Walter Grant Notley (January 19, 1939 – October 19, 1984) was a Canadian politician. He served as a member of the Legislative Assembly of Alberta from 1971 to 1984 and also served as leader of the Alberta NDP from 1968 to 1984.

Early life
Notley was born in Didsbury, Alberta, the son of Francis (Grant) and James Walter Notley, who were farmers. He graduated from the University of Alberta in 1960 with a history degree. After having been involved with the Alberta New Democratic Party in campus politics, he became the party's provincial secretary in 1962.

Political career
Notley ran for a seat to the Alberta Legislature for the first time in the 1963 as a candidate for the Alberta NDP. He was easily defeated, finishing last in the four-way race losing to incumbent Edgar Gerhart.

He also ran 1967 provincial elections, and in a 1969 by-election.

Notley was elected leader of the Alberta NDP in 1968.

Notley ran in the 1971 provincial election, he won a seat in the Legislative Assembly of Alberta in the electoral district of Spirit River-Fairview defeating incumbent Adolph Fimrite. He served as the Member of the Legislative Assembly (MLA) for Spirit River-Fairview, and was, for eleven years, the sole NDP MLA in the provincial legislature.

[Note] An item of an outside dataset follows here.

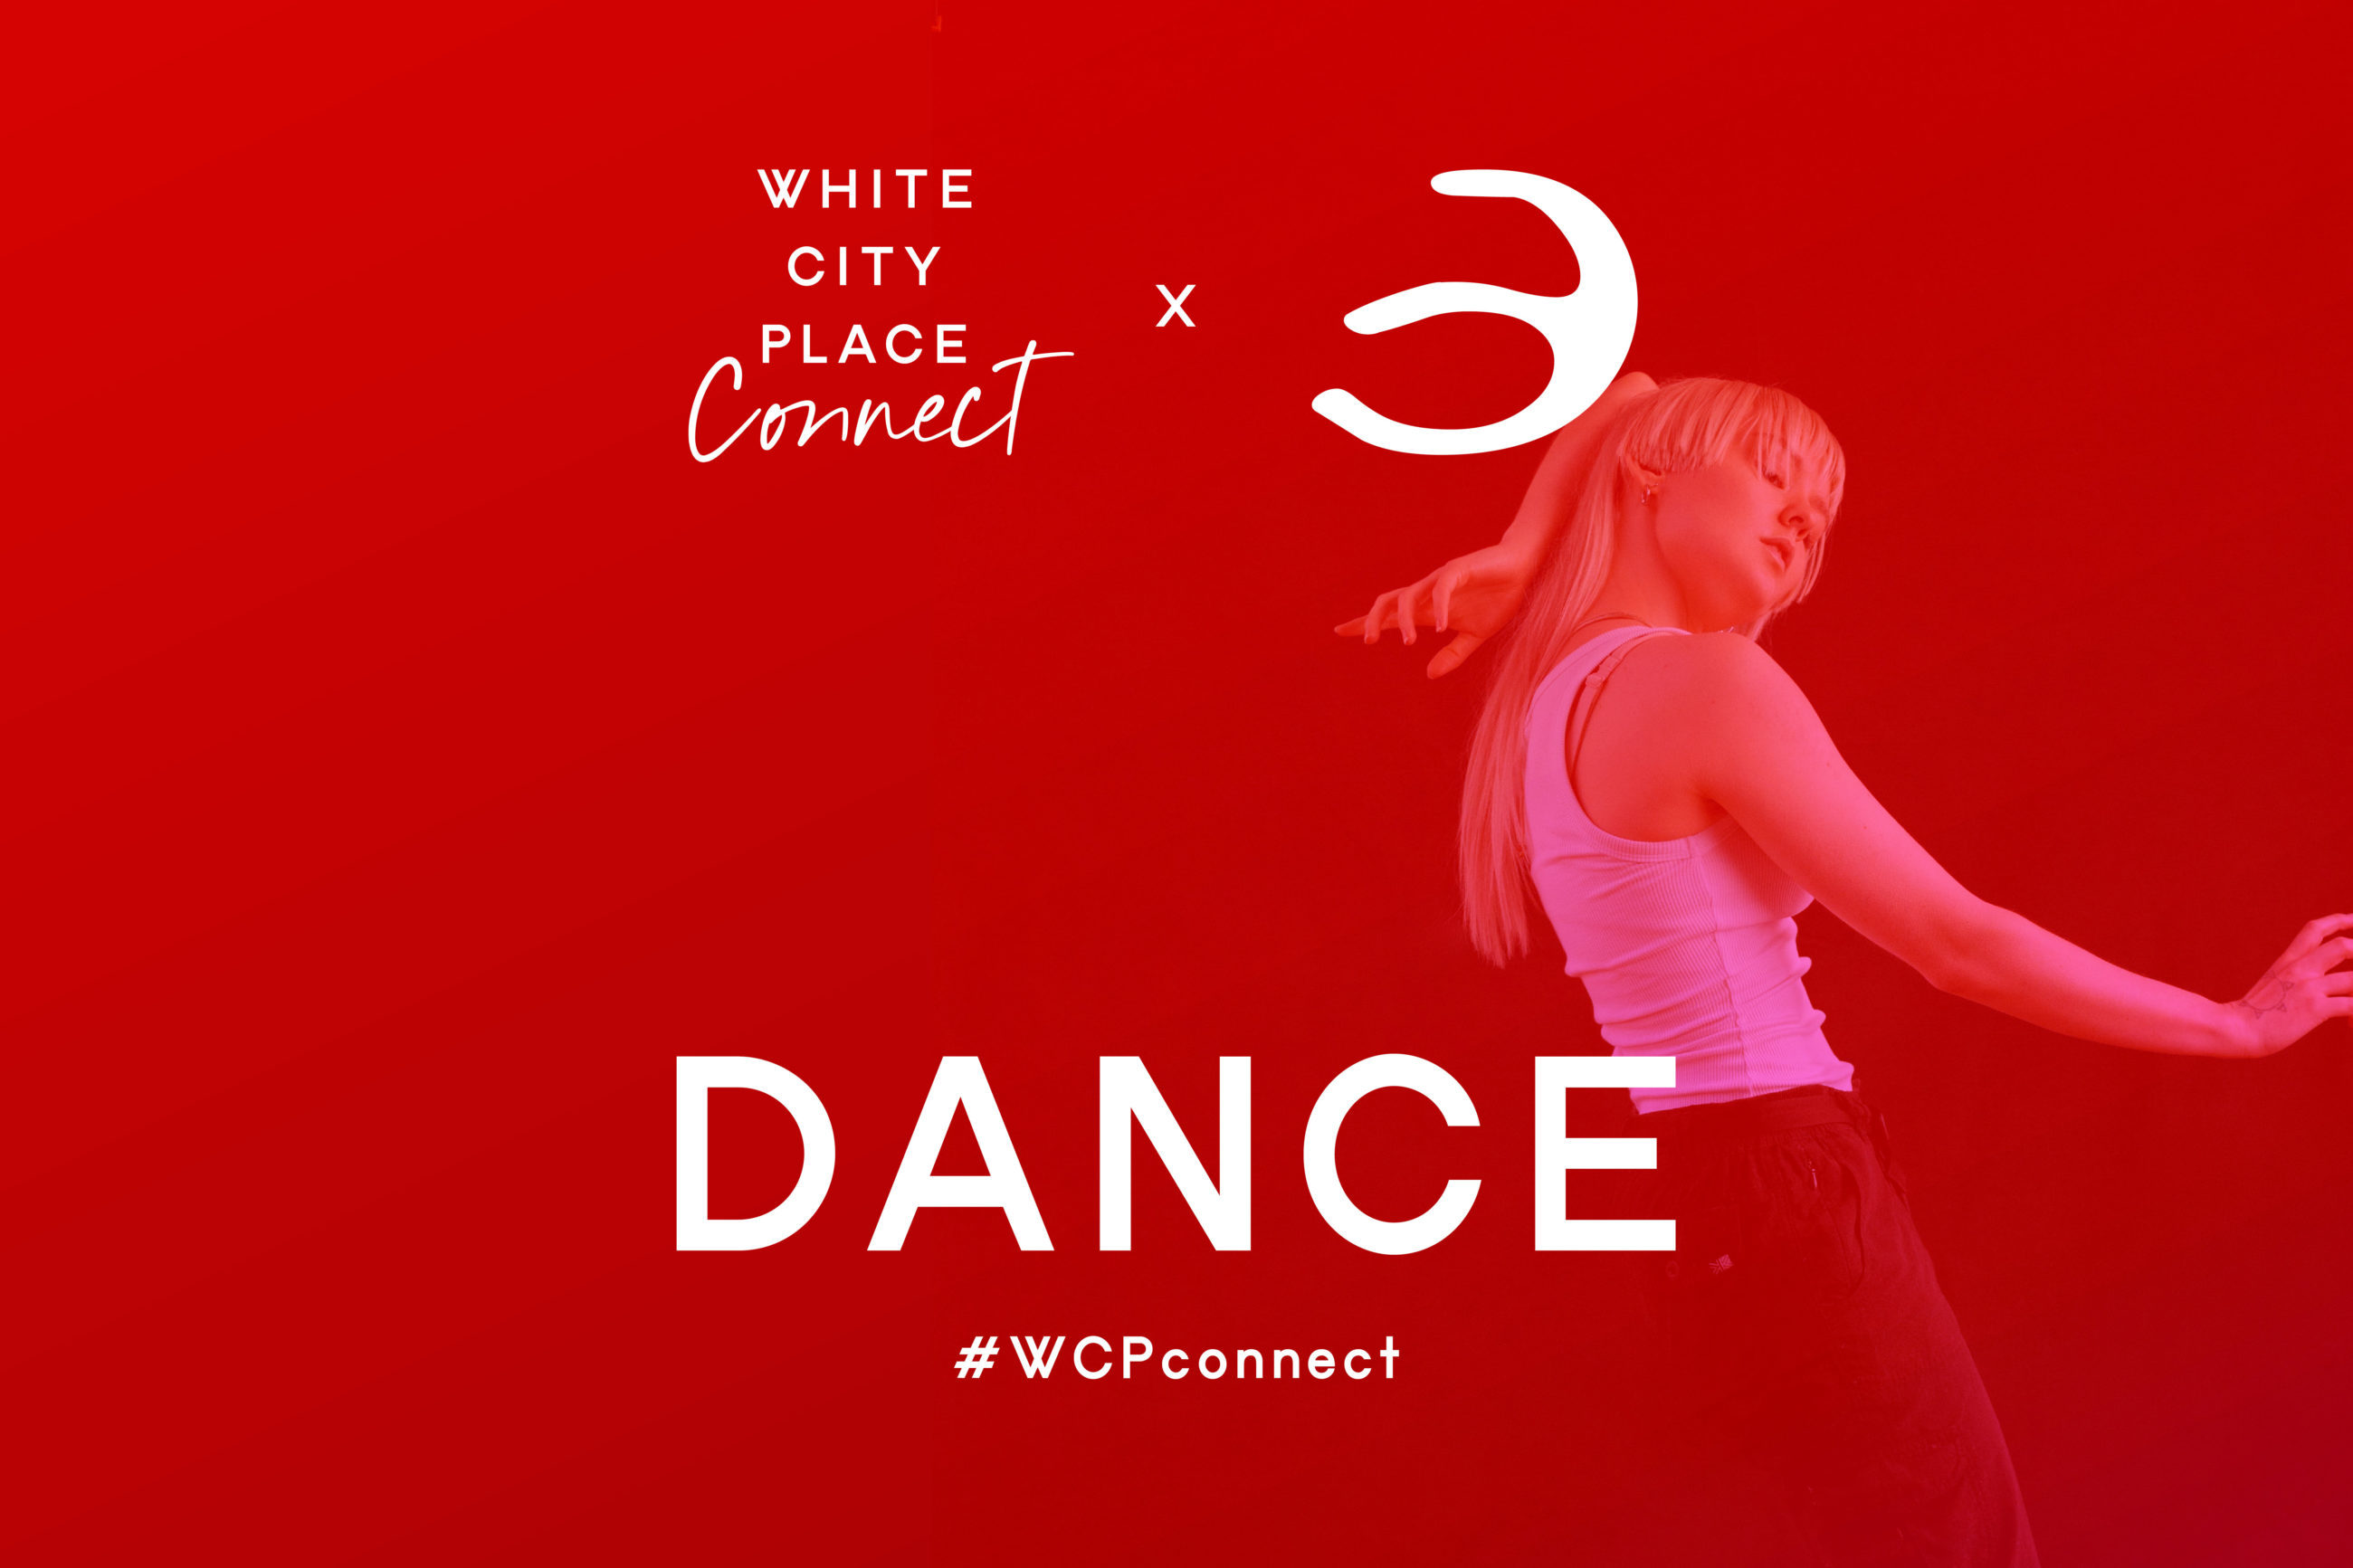 White City Place Connect: Dance Feature Image

In the 1982 provincial election, he was joined by a second NDP MLA, Ray Martin, and the NDP was named the Official Opposition.

Notley spent his political career energetically building the social democratic NDP into a potent force in one of Canada's most conservative provinces.

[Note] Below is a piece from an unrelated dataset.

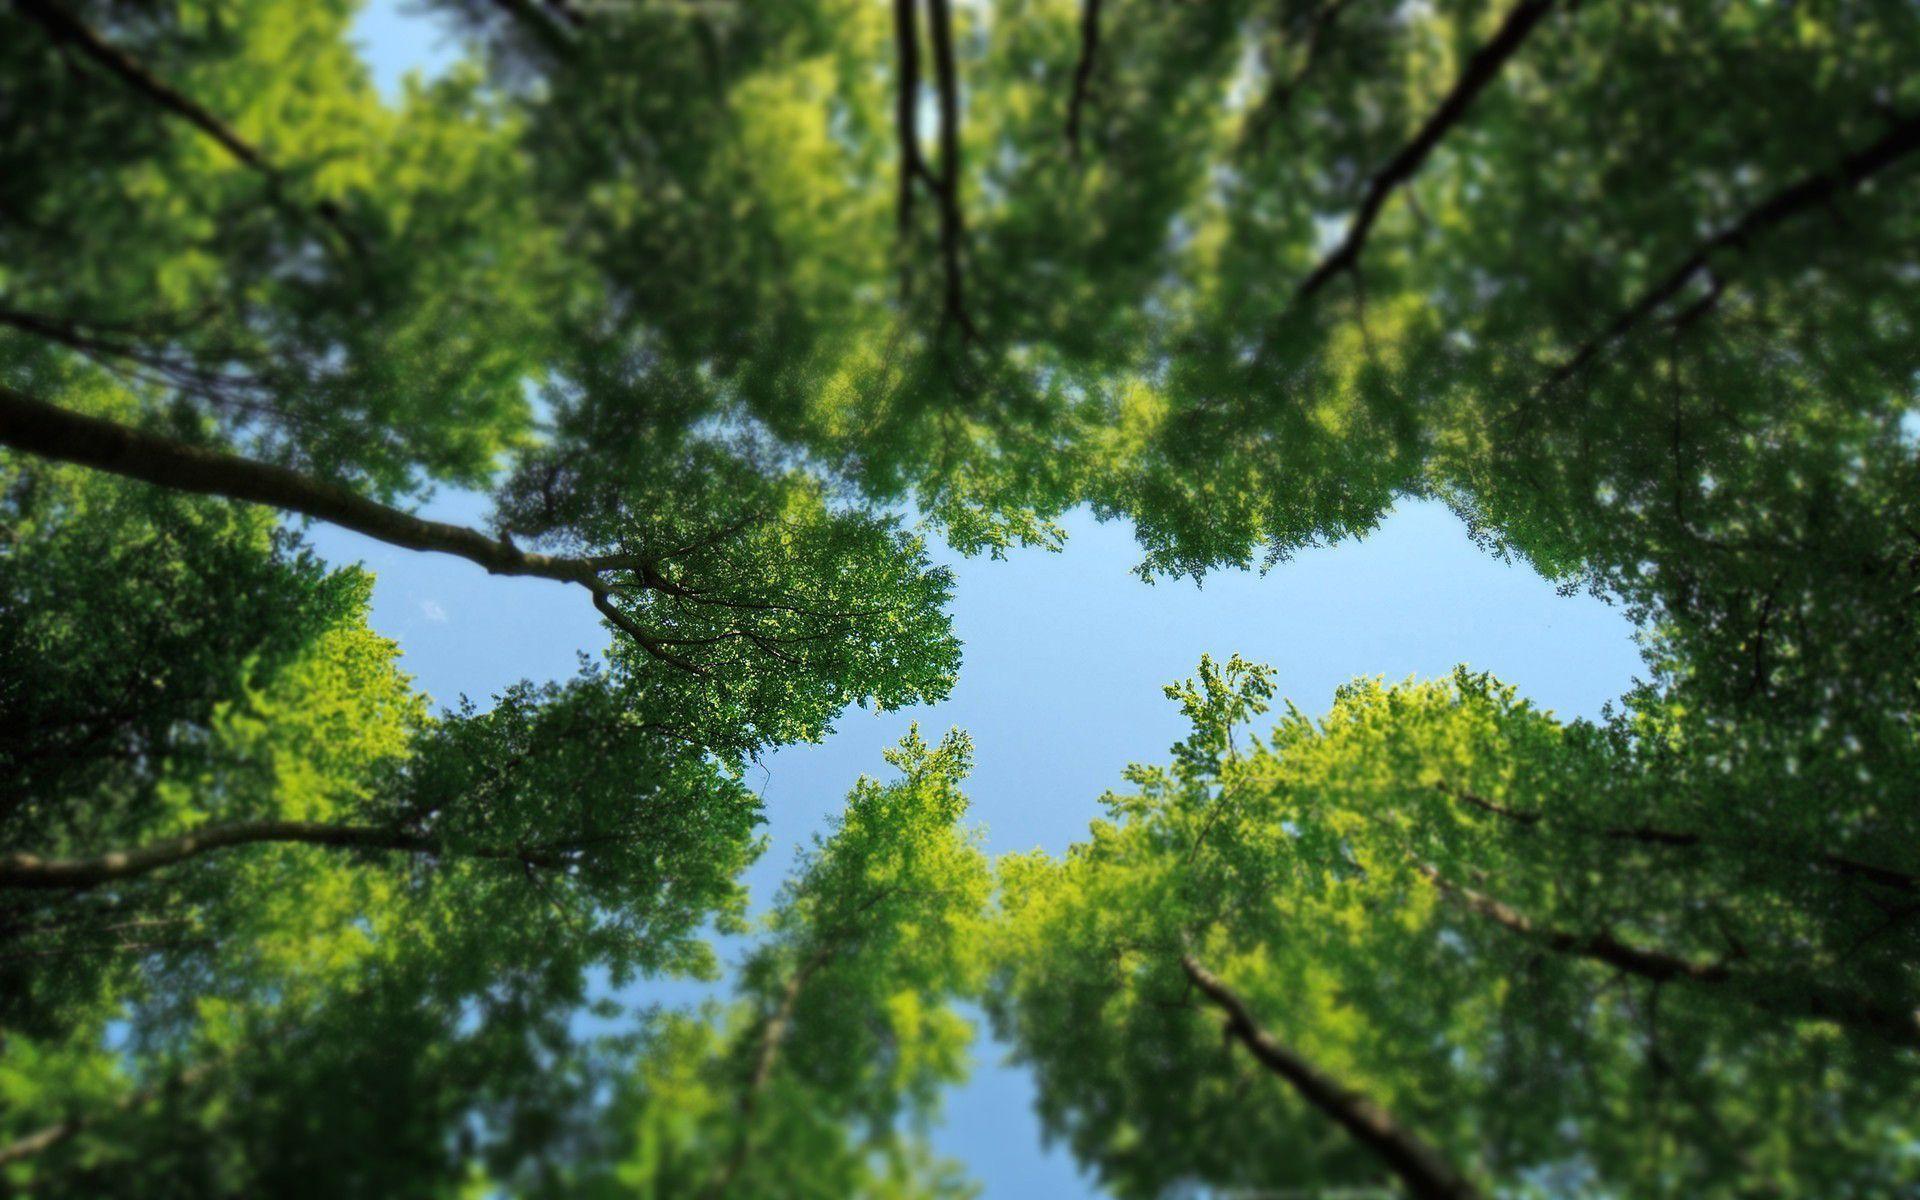 trees background

Canadian psychologist Jordan Peterson worked for Notley and his wife from around 1976 to 1980.

Death
On October 19, 1984, Notley and five other passengers were killed near Slave Lake in northern Alberta when Wapiti Aviation Flight 402 crashed into a snow-covered, wooded hillside. Four people survived the crash, including then Minister of Housing, Larry Shaben.

A year after Notley's death, his party achieved a breakthrough. In the 1986 provincial election, the NDP, for the first time, won 16 seats and 29 percent of the vote.

Personal life
Notley's daughter, Rachel Notley, served as MLA (NDP) for the provincial riding of Edmonton Strathcona, from the 2008 provincial election to the present. She became leader of the party on October 18, 2014, as her father had before her, and she served as premier of Alberta, from May 24, 2015, to April 30, 2019. She currently serves as the Leader of the Official Opposition.

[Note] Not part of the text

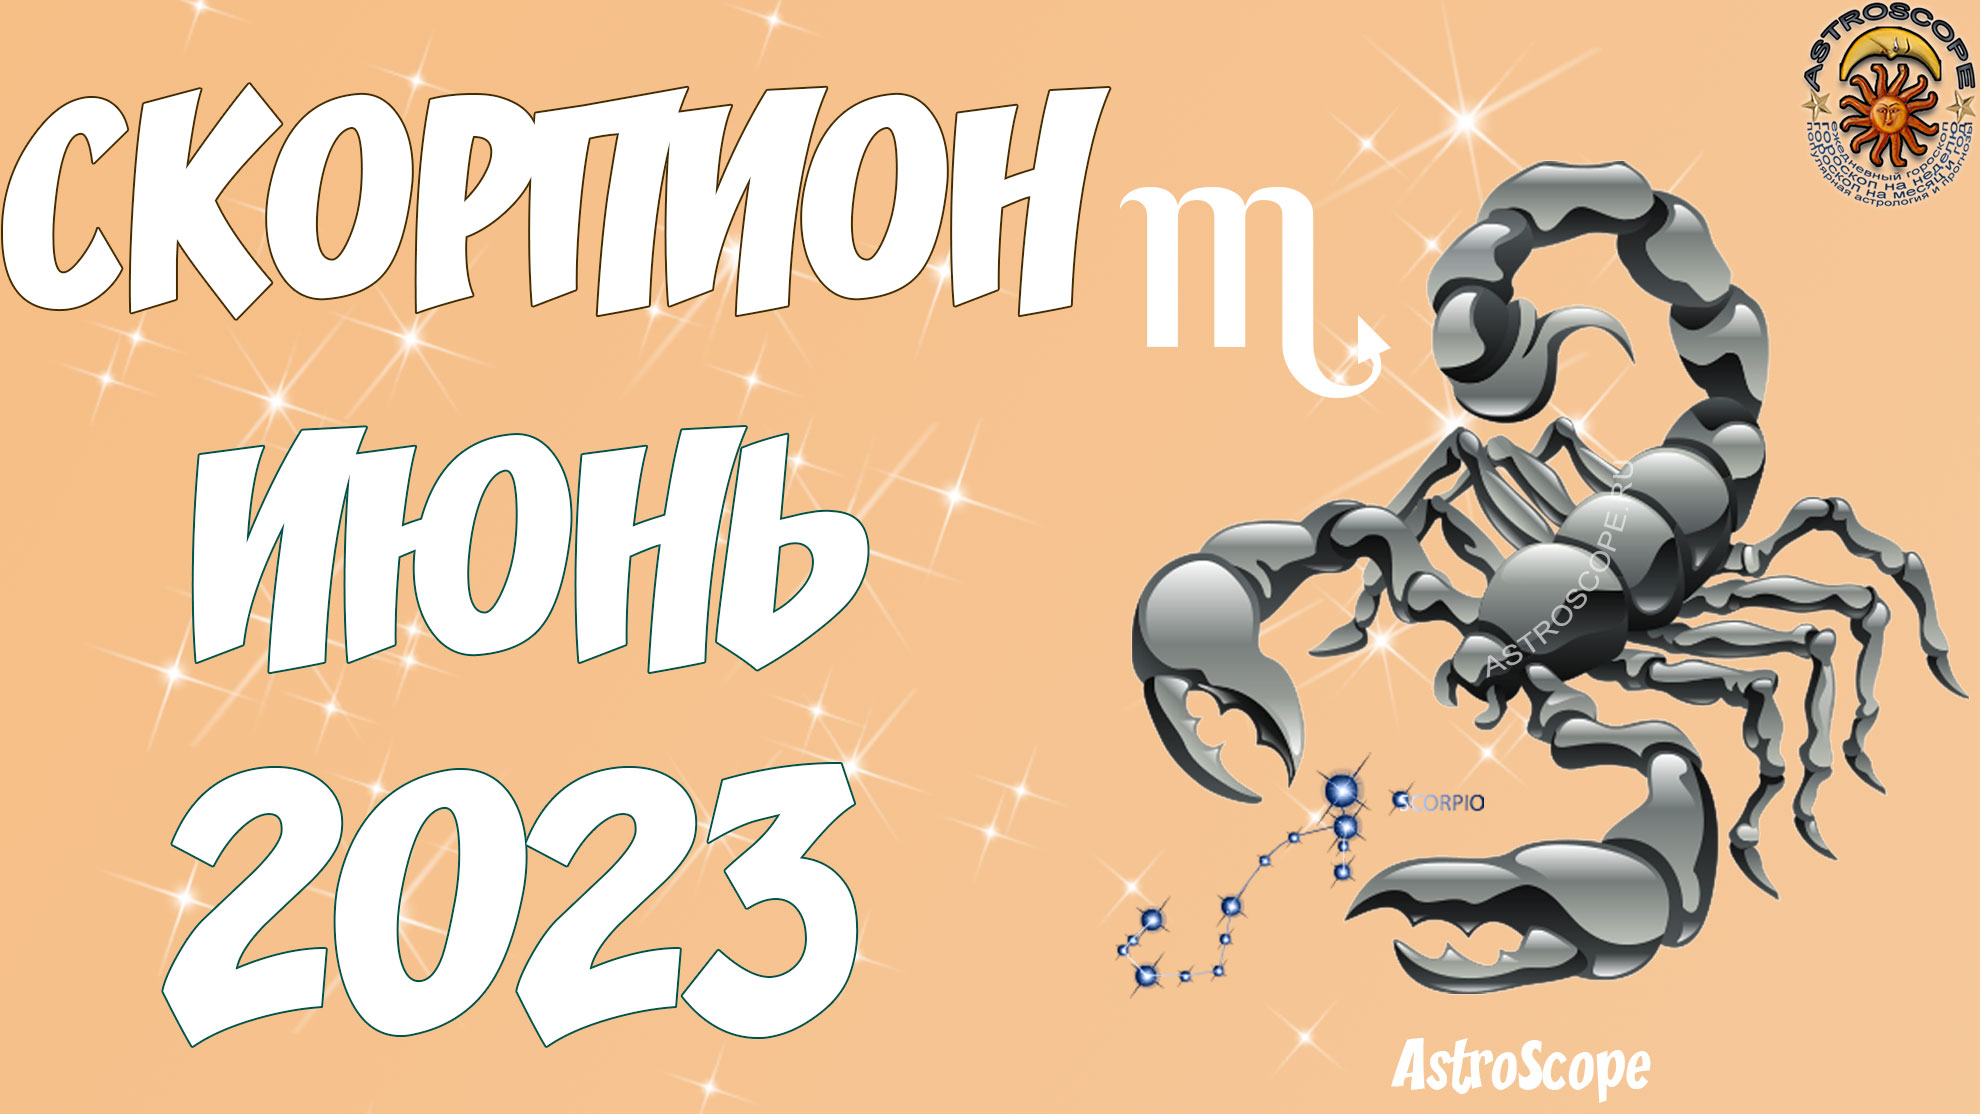 Гороскоп на 3 апреля 2024 скорпион

One of his two sons, Stephen Notley, writes the popular newspaper and web comic strip Bob the Angry Flower. His other son is Paul Notley.

Legacy
In 2010 the Peace River farm district Dunvegan-Central Peace-Notley was renamed Central Peace-Notley. Notley had represented the area as MLA from 1971 to his death in 1984.

A statue was erected in his honour in Edmonton's Grant Notley Park near Lemarchand Mansion, 100th Avenue and 118 Street.

Socialism and Democracy Essays in Honour of Grant Notley (NeWest Press, 1987) was published after his death.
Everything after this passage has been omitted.